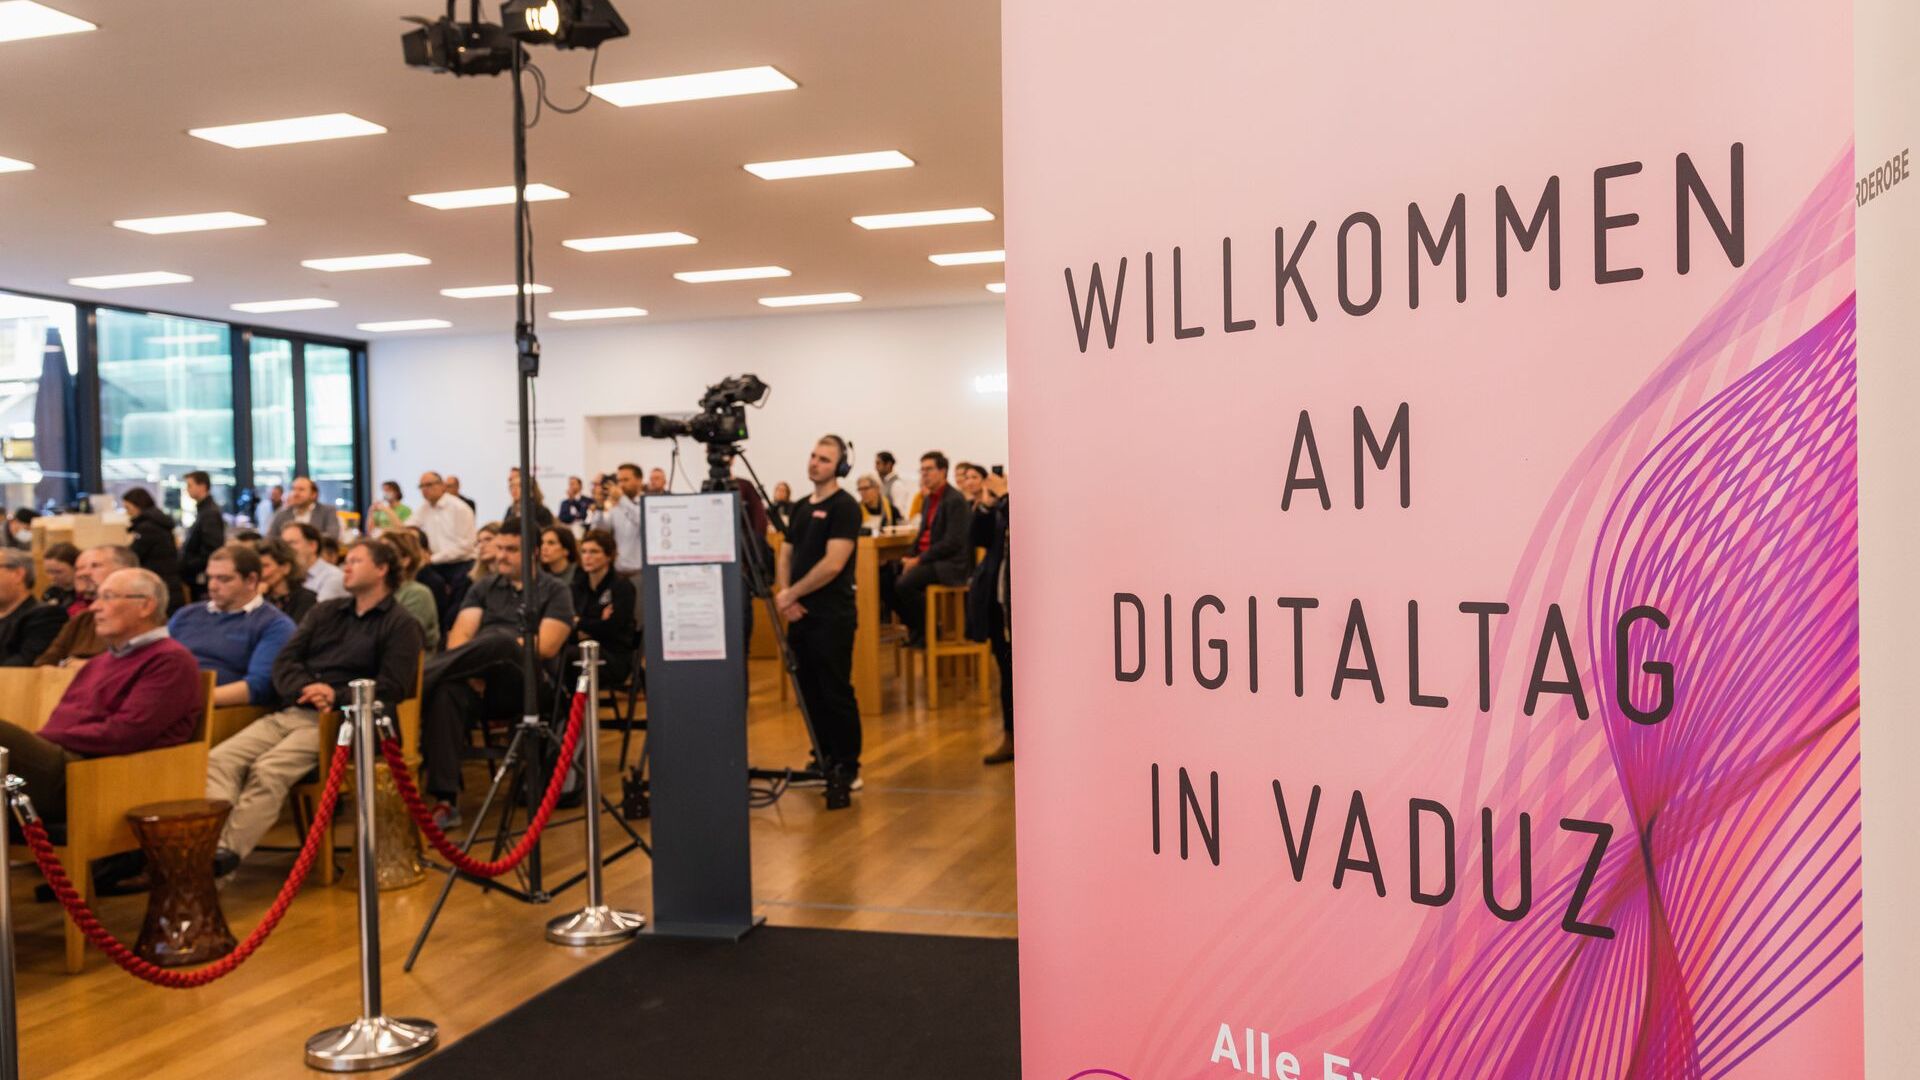 De "Digitaltag Vaduz" werd op zaterdag 6 november 2021 verwelkomd door het Kunstmuseum van de hoofdstad van het Vorstendom Liechtenstein
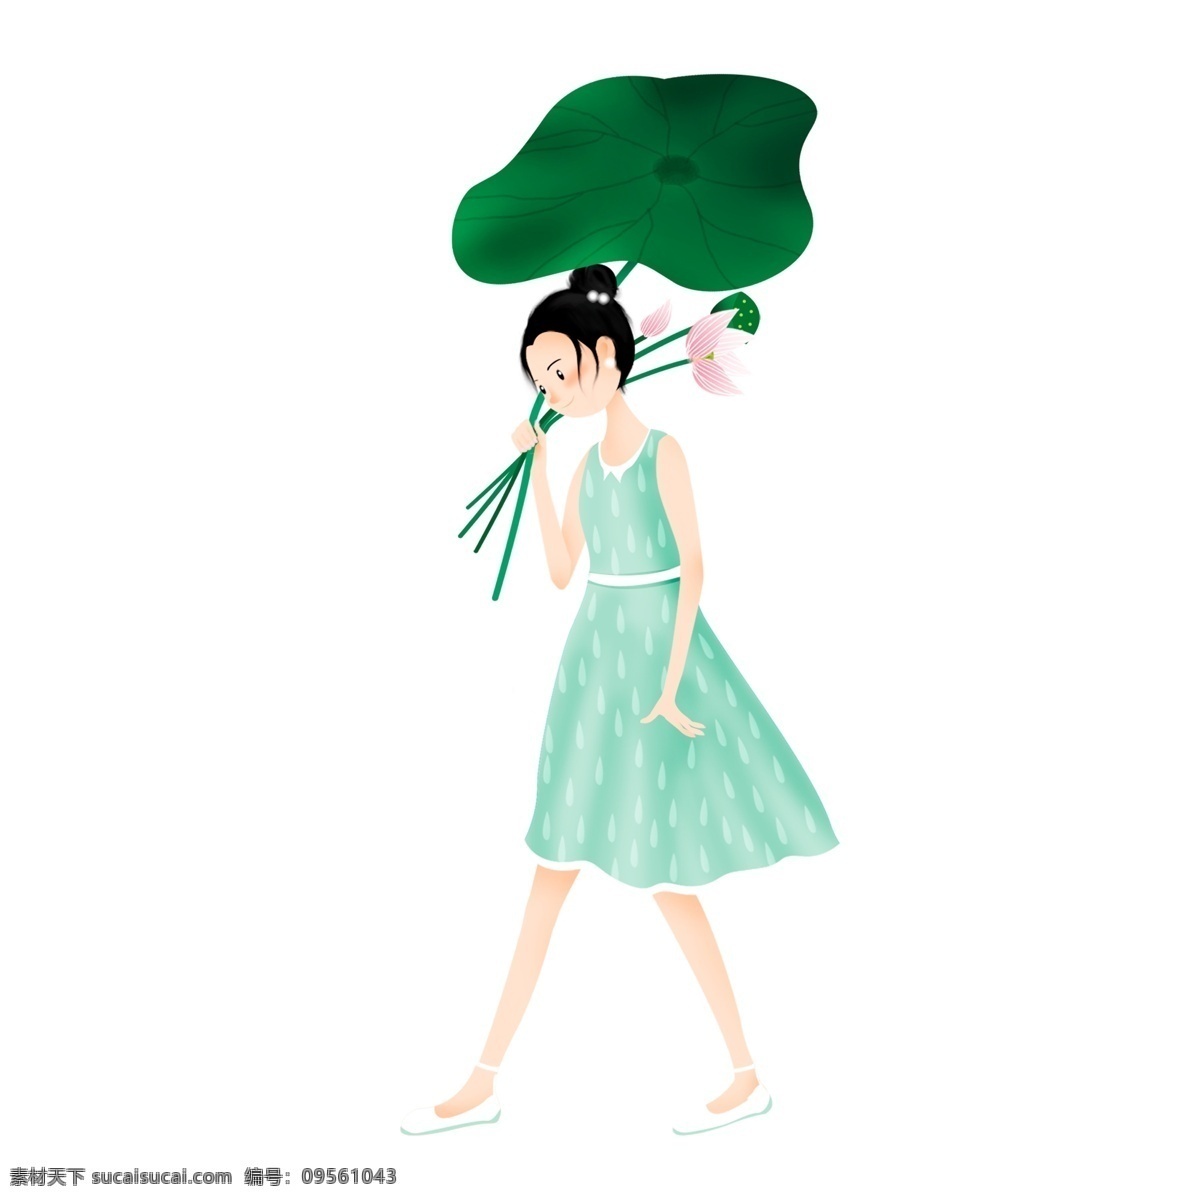 绿色 小 清新 撑 荷叶 伞 女孩 小清新 夏季 夏日 插画 卡通 手绘 荷花 少女
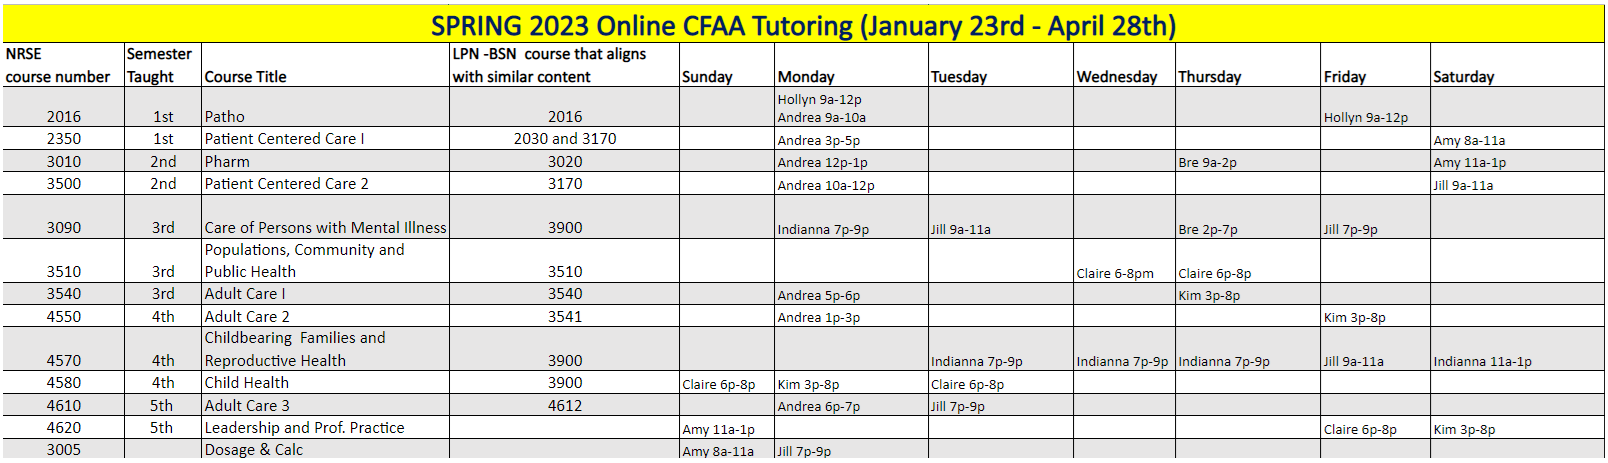 Spring 2023 Inline CFAA Tutoring Schedule

» Instructions to follow
Repeat the material line for line. Pictures stay out of the copy.

» Completed task
 De "Digitaltag Vaduz" werd op zaterdag 6 november 2021 verwelkomd door het Kunstmuseum van de hoofdstad van het Vorstendom Liechtenstein
 绿色 小 清新 撑 荷叶 伞 女孩 小清新 夏季 夏日 插画 卡通 手绘 荷花 少女
 Spring 2023 Inline CFAA Tutoring Schedule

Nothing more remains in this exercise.